Now Shad here, said Van, is a good and kind hearted creature, but he probably has the intellect of a two year old child, human child, I might add. But deep down, or not that deep actually, he is a wild animal. You have to remember, it is not all that long ago in the evolutionary scale of things that he was once a ripperthroat, and it is only through domestication by us humans that barkers have become the kind hearted, obedient and loyal companions that we know them as today.

I nodded again, understanding where Van was coming from with this, but not entirely sure where he might be going, but urging him on all the same, to find out the next stage in the story.

So Shad here, just being a loyal and faithful guard to meself, he arrives in that room that night. I didn't have a clue how he'd got into that room, nor even how he's managed to follow me back to where I'd been taken, but then barkers are renowned for their sense of smell, so back then I put it down to that. And Shad, well he goes for the throat of this wooltard like looking thing which the girl Fenimoss has brought into the room. Shad presumably sees it either as a threat to me, or maybe he was just hungry and in need of food, I thinks at the time, or maybe, regardless of either of those things, he is just a barker and saw something that he thought in his two year old human brain might be prey and decided that his instinct was simply too much and he had to go and take a chunk out of it. I dunno. If barkers could talk, we'd know the answer to these things, but alas, they do not talk so we can only speculate about why Shad decided to try and take the head off this poor creature that had just entered the room at the calling of out new friend Fenimoss.

Caught by surprise, the creature -- I later found out it is known to the locals as a dyapnid -- did not put up much of a fight -- at first. It went down as if to Shad's command. But its leathery hide must have been able to withstand Shad's penetration, for after it had feigned death long enough for Shad to release his death grip, the creature reared from the floor where it has laid prone, and in a reversal of Shad's attack, clamped its mandibles onto Shad's neck and clean ripped out his throat.

It all happened so relatively quickly that all I could do was grasp poor Shad as he fell away from those razor sharp mandibles and cower in the corner over his body, as the last gasps left him -- again, as it were. The dyapnid paid no heed to my sobs simply staring into my soul with its soulless eyes. But then to my amazement, the murk seemed to volumise in the shack, and Shad was up again and growing larger and more shaggy, his eyes the size of saucers, the colour of the moon. He howled madly at the dyapnid, and launched himself at it, his teeth ripping into its head. The dyapnid reared up to defend itself, but then under the pressure of Shad's onrushing force, toppled onto its back, exposing its belly. Shad's rabid teeth cut fresh wounds that squirted turquoise blood.

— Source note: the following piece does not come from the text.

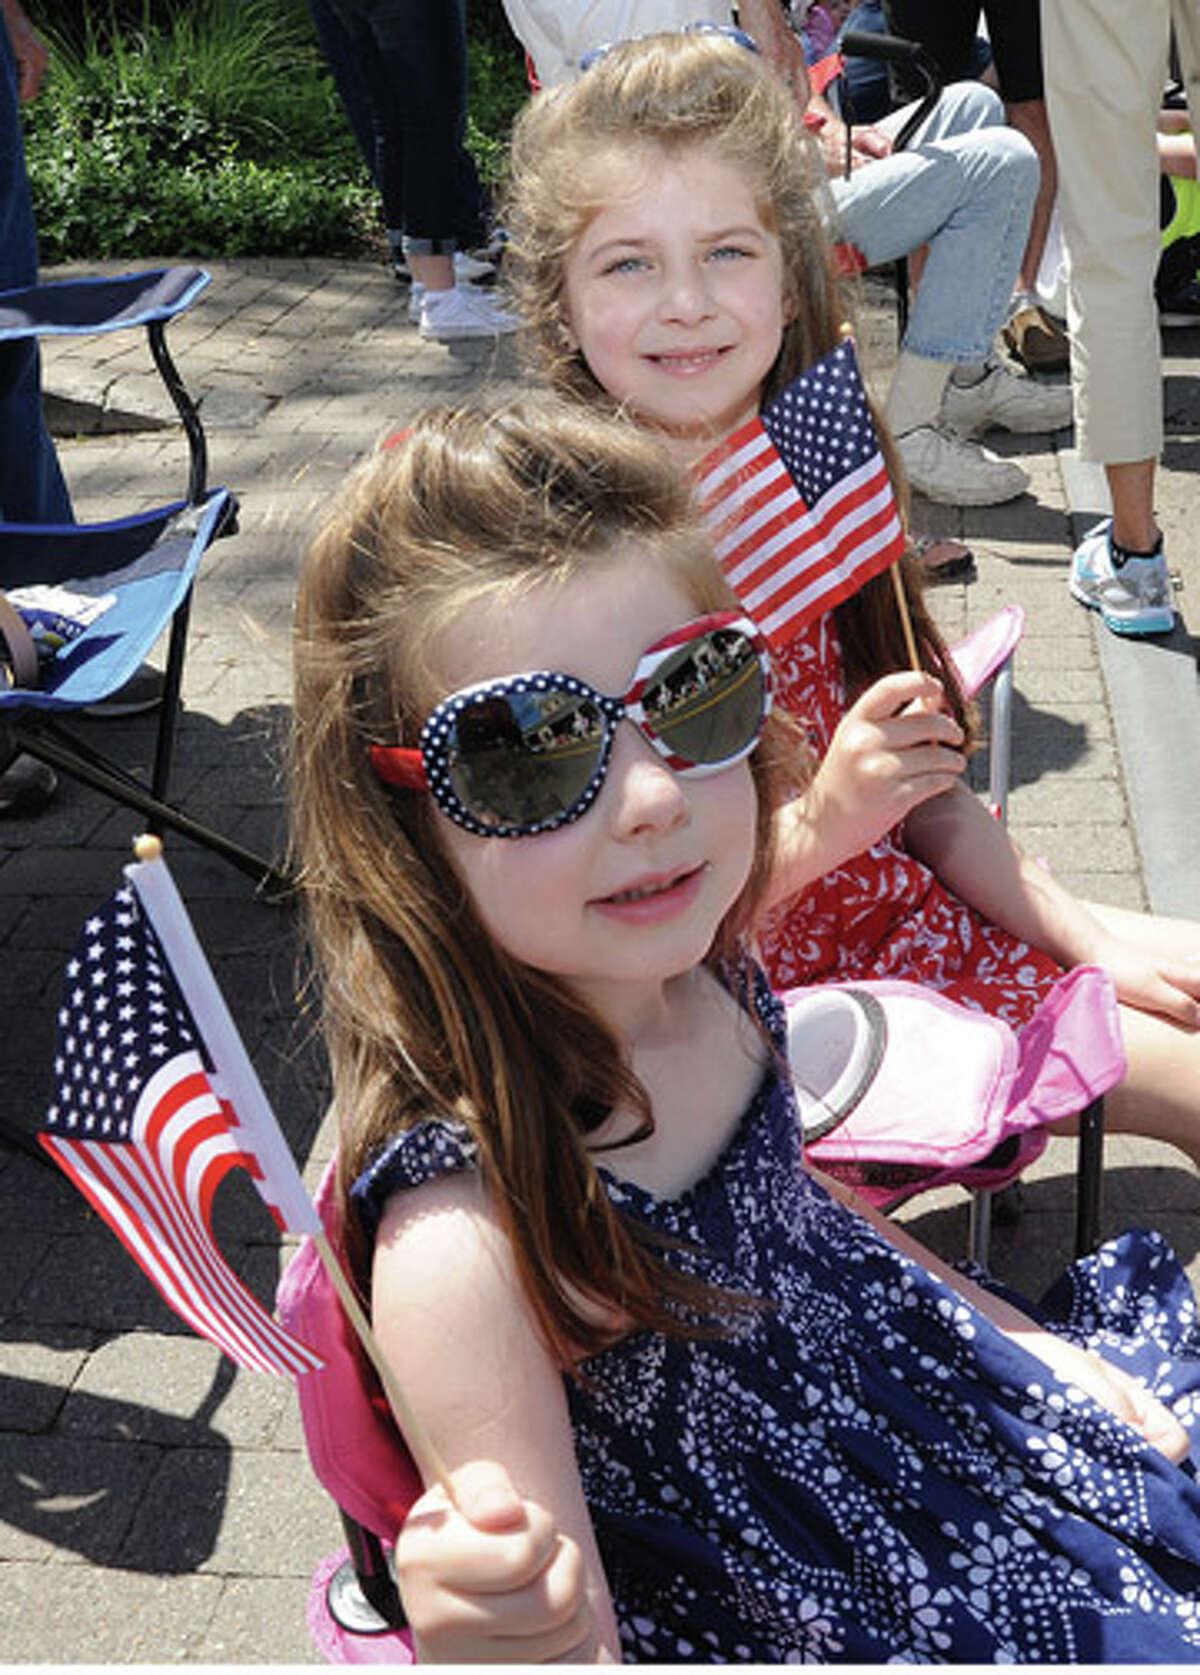 Audra 4 and her sister Alexa 6 Sunday at the Rowayton Memorial Day Parade. Hour photo/Matthew Vinci

That was when I knew Shad was a barghuest -- an undead hound sent to protect me -- and when he's not doing that, get himself up to some serious haunting. I now knows we got this bond that was capable of crossing the void that lies between the planes of life and death, and Shad was just attracted back to me by this bond forged in the darkness of the Wisewood.

After that, Pip, said Van, draining what was left of another pint, my soul seemed to be restored for the better.